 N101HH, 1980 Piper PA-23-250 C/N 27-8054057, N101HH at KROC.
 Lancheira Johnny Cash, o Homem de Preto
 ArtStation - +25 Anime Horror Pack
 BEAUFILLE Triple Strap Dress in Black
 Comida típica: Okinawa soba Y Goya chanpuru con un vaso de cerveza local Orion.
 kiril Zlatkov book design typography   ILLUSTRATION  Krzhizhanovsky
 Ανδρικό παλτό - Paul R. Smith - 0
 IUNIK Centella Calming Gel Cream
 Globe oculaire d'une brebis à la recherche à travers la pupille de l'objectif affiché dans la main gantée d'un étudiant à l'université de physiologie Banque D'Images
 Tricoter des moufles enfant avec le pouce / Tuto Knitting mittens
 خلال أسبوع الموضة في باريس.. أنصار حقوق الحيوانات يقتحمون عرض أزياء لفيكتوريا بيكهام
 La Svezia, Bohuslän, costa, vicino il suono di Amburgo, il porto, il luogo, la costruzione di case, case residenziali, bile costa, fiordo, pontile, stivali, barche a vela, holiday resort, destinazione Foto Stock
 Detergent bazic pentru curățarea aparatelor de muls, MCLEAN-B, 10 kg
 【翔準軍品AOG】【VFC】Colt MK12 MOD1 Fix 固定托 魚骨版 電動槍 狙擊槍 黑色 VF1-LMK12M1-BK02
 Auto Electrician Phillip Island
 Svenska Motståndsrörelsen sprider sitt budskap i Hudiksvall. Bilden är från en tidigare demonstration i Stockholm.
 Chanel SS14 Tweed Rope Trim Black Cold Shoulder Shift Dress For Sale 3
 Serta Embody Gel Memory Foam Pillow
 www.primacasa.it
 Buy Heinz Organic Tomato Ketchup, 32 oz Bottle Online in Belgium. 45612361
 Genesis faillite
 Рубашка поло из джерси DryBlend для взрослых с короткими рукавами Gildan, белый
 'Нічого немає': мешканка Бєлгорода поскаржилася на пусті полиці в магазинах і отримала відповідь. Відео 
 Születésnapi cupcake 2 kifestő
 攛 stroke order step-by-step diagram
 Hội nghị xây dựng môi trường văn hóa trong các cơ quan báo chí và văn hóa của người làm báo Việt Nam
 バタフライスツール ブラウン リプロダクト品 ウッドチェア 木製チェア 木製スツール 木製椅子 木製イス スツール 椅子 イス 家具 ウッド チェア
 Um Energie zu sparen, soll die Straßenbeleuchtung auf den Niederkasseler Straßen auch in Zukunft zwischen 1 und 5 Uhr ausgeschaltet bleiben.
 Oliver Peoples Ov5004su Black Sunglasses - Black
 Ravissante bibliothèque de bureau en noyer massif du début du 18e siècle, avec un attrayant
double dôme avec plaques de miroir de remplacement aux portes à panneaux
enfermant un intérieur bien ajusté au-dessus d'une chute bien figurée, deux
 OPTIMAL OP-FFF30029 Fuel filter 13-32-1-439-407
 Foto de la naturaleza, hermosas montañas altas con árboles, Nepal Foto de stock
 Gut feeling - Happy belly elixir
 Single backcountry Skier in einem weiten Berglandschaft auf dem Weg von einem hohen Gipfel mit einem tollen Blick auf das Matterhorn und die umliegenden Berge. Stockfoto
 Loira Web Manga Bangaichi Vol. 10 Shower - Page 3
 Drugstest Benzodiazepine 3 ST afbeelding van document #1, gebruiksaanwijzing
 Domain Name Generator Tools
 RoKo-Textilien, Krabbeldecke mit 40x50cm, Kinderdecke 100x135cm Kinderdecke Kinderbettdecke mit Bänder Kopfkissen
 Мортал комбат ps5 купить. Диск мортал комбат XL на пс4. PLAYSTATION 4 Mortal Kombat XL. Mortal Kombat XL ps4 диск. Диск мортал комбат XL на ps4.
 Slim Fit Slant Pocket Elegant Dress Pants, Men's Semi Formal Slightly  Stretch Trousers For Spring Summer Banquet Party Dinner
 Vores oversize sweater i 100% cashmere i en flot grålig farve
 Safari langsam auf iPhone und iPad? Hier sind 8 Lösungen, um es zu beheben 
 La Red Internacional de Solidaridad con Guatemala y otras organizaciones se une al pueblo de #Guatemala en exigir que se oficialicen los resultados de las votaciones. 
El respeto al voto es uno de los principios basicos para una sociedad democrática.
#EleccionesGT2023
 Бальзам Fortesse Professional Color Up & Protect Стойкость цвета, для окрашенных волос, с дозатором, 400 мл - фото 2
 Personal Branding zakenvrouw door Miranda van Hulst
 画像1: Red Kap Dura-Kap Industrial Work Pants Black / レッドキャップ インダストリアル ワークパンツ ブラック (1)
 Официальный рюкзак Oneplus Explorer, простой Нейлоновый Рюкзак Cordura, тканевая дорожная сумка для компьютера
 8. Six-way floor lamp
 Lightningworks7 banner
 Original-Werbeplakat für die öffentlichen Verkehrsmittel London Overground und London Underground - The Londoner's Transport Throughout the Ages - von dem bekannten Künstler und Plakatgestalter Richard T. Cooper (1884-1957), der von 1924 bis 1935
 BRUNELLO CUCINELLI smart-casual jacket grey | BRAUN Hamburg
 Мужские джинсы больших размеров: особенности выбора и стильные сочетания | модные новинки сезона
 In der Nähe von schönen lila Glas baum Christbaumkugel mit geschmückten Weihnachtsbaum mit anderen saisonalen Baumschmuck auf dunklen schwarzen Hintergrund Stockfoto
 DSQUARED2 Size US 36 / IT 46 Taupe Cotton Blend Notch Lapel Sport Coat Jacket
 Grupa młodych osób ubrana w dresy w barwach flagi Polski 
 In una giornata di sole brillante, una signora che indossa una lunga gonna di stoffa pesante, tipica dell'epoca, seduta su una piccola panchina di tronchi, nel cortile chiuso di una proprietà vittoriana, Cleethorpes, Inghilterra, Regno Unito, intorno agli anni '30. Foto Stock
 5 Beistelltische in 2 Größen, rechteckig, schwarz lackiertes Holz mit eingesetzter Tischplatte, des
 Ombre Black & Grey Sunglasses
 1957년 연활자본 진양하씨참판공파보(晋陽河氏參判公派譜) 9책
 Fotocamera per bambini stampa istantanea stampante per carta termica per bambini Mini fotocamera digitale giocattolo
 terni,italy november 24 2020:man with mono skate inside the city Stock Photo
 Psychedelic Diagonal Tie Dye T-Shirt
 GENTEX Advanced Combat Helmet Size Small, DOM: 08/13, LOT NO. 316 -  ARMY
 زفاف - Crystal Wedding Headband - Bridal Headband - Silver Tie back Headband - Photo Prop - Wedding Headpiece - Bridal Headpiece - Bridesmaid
• • • • • • •
Brief
This exercise requires that all of the entries be repeated exactly.

Exercise result
 N101HH, 1980 Piper PA-23-250 C/N 27-8054057, N101HH at KROC.
 Lancheira Johnny Cash, o Homem de Preto
 ArtStation - +25 Anime Horror Pack
 BEAUFILLE Triple Strap Dress in Black
 Comida típica: Okinawa soba Y Goya chanpuru con un vaso de cerveza local Orion.
 kiril Zlatkov book design typography   ILLUSTRATION  Krzhizhanovsky
 Ανδρικό παλτό - Paul R. Smith - 0
 IUNIK Centella Calming Gel Cream
 Globe oculaire d'une brebis à la recherche à travers la pupille de l'objectif affiché dans la main gantée d'un étudiant à l'université de physiologie Banque D'Images
 Tricoter des moufles enfant avec le pouce / Tuto Knitting mittens
 خلال أسبوع الموضة في باريس.. أنصار حقوق الحيوانات يقتحمون عرض أزياء لفيكتوريا بيكهام
 La Svezia, Bohuslän, costa, vicino il suono di Amburgo, il porto, il luogo, la costruzione di case, case residenziali, bile costa, fiordo, pontile, stivali, barche a vela, holiday resort, destinazione Foto Stock
 Detergent bazic pentru curățarea aparatelor de muls, MCLEAN-B, 10 kg
 【翔準軍品AOG】【VFC】Colt MK12 MOD1 Fix 固定托 魚骨版 電動槍 狙擊槍 黑色 VF1-LMK12M1-BK02
 Auto Electrician Phillip Island
 Svenska Motståndsrörelsen sprider sitt budskap i Hudiksvall. Bilden är från en tidigare demonstration i Stockholm.
 Chanel SS14 Tweed Rope Trim Black Cold Shoulder Shift Dress For Sale 3
 Serta Embody Gel Memory Foam Pillow
 www.primacasa.it
 Buy Heinz Organic Tomato Ketchup, 32 oz Bottle Online in Belgium. 45612361
 Genesis faillite
 Рубашка поло из джерси DryBlend для взрослых с короткими рукавами Gildan, белый
 'Нічого немає': мешканка Бєлгорода поскаржилася на пусті полиці в магазинах і отримала відповідь. Відео 
 Születésnapi cupcake 2 kifestő
 攛 stroke order step-by-step diagram
 Hội nghị xây dựng môi trường văn hóa trong các cơ quan báo chí và văn hóa của người làm báo Việt Nam
 バタフライスツール ブラウン リプロダクト品 ウッドチェア 木製チェア 木製スツール 木製椅子 木製イス スツール 椅子 イス 家具 ウッド チェア
 Um Energie zu sparen, soll die Straßenbeleuchtung auf den Niederkasseler Straßen auch in Zukunft zwischen 1 und 5 Uhr ausgeschaltet bleiben.
 Oliver Peoples Ov5004su Black Sunglasses - Black
 Ravissante bibliothèque de bureau en noyer massif du début du 18e siècle, avec un attrayant
double dôme avec plaques de miroir de remplacement aux portes à panneaux
enfermant un intérieur bien ajusté au-dessus d'une chute bien figurée, deux
 OPTIMAL OP-FFF30029 Fuel filter 13-32-1-439-407
 Foto de la naturaleza, hermosas montañas altas con árboles, Nepal Foto de stock
 Gut feeling - Happy belly elixir
 Single backcountry Skier in einem weiten Berglandschaft auf dem Weg von einem hohen Gipfel mit einem tollen Blick auf das Matterhorn und die umliegenden Berge. Stockfoto
 Loira Web Manga Bangaichi Vol. 10 Shower - Page 3
 Drugstest Benzodiazepine 3 ST afbeelding van document #1, gebruiksaanwijzing
 Domain Name Generator Tools
 RoKo-Textilien, Krabbeldecke mit 40x50cm, Kinderdecke 100x135cm Kinderdecke Kinderbettdecke mit Bänder Kopfkissen
 Мортал комбат ps5 купить. Диск мортал комбат XL на пс4. PLAYSTATION 4 Mortal Kombat XL. Mortal Kombat XL ps4 диск. Диск мортал комбат XL на ps4.
 Slim Fit Slant Pocket Elegant Dress Pants, Men's Semi Formal Slightly  Stretch Trousers For Spring Summer Banquet Party Dinner
 Vores oversize sweater i 100% cashmere i en flot grålig farve
 Safari langsam auf iPhone und iPad? Hier sind 8 Lösungen, um es zu beheben 
 La Red Internacional de Solidaridad con Guatemala y otras organizaciones se une al pueblo de #Guatemala en exigir que se oficialicen los resultados de las votaciones. 
El respeto al voto es uno de los principios basicos para una sociedad democrática.
#EleccionesGT2023
 Бальзам Fortesse Professional Color Up & Protect Стойкость цвета, для окрашенных волос, с дозатором, 400 мл - фото 2
 Personal Branding zakenvrouw door Miranda van Hulst
 画像1: Red Kap Dura-Kap Industrial Work Pants Black / レッドキャップ インダストリアル ワークパンツ ブラック (1)
 Официальный рюкзак Oneplus Explorer, простой Нейлоновый Рюкзак Cordura, тканевая дорожная сумка для компьютера
 8. Six-way floor lamp
 Lightningworks7 banner
 Original-Werbeplakat für die öffentlichen Verkehrsmittel London Overground und London Underground - The Londoner's Transport Throughout the Ages - von dem bekannten Künstler und Plakatgestalter Richard T. Cooper (1884-1957), der von 1924 bis 1935
 BRUNELLO CUCINELLI smart-casual jacket grey | BRAUN Hamburg
 Мужские джинсы больших размеров: особенности выбора и стильные сочетания | модные новинки сезона
 In der Nähe von schönen lila Glas baum Christbaumkugel mit geschmückten Weihnachtsbaum mit anderen saisonalen Baumschmuck auf dunklen schwarzen Hintergrund Stockfoto
 DSQUARED2 Size US 36 / IT 46 Taupe Cotton Blend Notch Lapel Sport Coat Jacket
 Grupa młodych osób ubrana w dresy w barwach flagi Polski 
 In una giornata di sole brillante, una signora che indossa una lunga gonna di stoffa pesante, tipica dell'epoca, seduta su una piccola panchina di tronchi, nel cortile chiuso di una proprietà vittoriana, Cleethorpes, Inghilterra, Regno Unito, intorno agli anni '30. Foto Stock
 5 Beistelltische in 2 Größen, rechteckig, schwarz lackiertes Holz mit eingesetzter Tischplatte, des
 Ombre Black & Grey Sunglasses
 1957년 연활자본 진양하씨참판공파보(晋陽河氏參判公派譜) 9책
 Fotocamera per bambini stampa istantanea stampante per carta termica per bambini Mini fotocamera digitale giocattolo
 terni,italy november 24 2020:man with mono skate inside the city Stock Photo
 Psychedelic Diagonal Tie Dye T-Shirt
 GENTEX Advanced Combat Helmet Size Small, DOM: 08/13, LOT NO. 316 -  ARMY
 زفاف - Crystal Wedding Headband - Bridal Headband - Silver Tie back Headband - Photo Prop - Wedding Headpiece - Bridal Headpiece - Bridesmaid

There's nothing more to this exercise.